Motsinger-Reif: I can't take any credit for the inspiration or the method. This has been an incredibly collaborative project. So, it's actually a partnership with Dr. David Reif at North Carolina State University and folks in his group along with folks at Texas A&M, including Ivan Rusyn and Weihsueh Chiu. They are data visualization informatics and environmental health and disaster response experts, and I do statistical analysis machine learning and computational work. They had, actually, been working and sort of thinking about visualizing and communicating risk data from a number of perspectives. This goes back to work that David had done in trying to visualize chemical exposure risk and they had been working on sort of translating what had been for chemical exposure to this sort of geospatial kind of visualization. They had been working on that in the context of flood risk, the hazard risk for floods, and they were working on that. Then COVID-19 hit, and we all shifted gears and pivoted and tried to apply this to COVID-19.
Barr: Have you worked with visualizations in the past for your project, or is this a very new experience for you?
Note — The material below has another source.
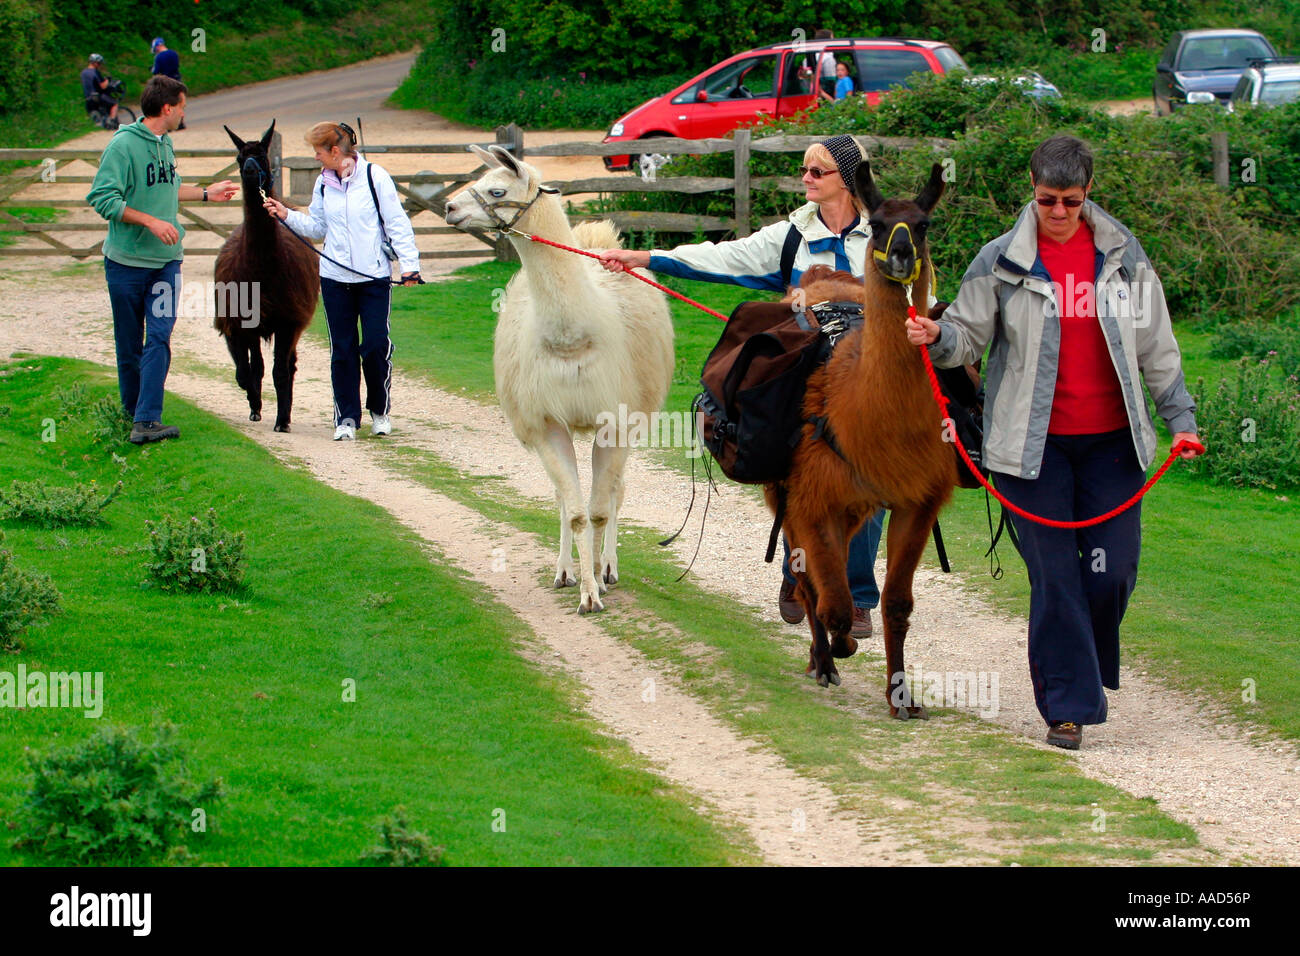 Llama Trekking Brightstone down Isle of Wight England UK Great Britain Stock Photo

Motsinger-Reif: I work in visualizations as a data scientist in general. Visualization is a huge part of communicating results, visualizing results, and making things clear and communicated. That being said, within that team I would say David Reif is the one that worked the most in data visualization and communication. He is really the driving force behind some of the graphics, where my group and I more immediately have worked with folks to decide which data needs to go in to this visualization, how do we weigh the different data types, and then how do we use that data to predict the number of cases and deaths? So, some of the visualization is new and really sort of driven in that collaborative partnership.
Barr: Yes. Did you draw from other tracking projects with your own visualization project?
Motsinger-Reif: Yeah. We, definitely, sort of pull data from all over the place including some of those other tracking projects. When we got started, the case counts and stuff came of the Hopkins tracker that was there. We have now switched to USA Facts. As different things are open, we definitely, shamelessly, grab data from all over the place and try to incorporate it, but hopefully add value with the unique visualization and sort of clustering and other tools.
Barr: How did you decide on the design elements that are included in your visualizations, as well as, what you are going to even visualize, because that is also a very difficult part, there are a lot of things you could sort of look at with COVID-19?
Motsinger-Reif: The visualization, as I said, some of the tools were under development already in these other contexts so, some of it was, “This is what they were doing, and it was working”. We were going to grab onto that, especially for some of the aesthetics of the map and that kind of thing. Some of it is a little obvious as well. We have gotten feedback as far as updating the look of it and what we were visualizing and some of those features from end users. Our most recent updates, for example, have come from direct feedback from folks at the CDC. They have mirrored our tracker on the CDC’s main COVID-19 tracker and people that work in sort of communications and, with dashboards and other trackers. We have tried to build on what tools already existed and then take feedback on what people are responding to and what is useful.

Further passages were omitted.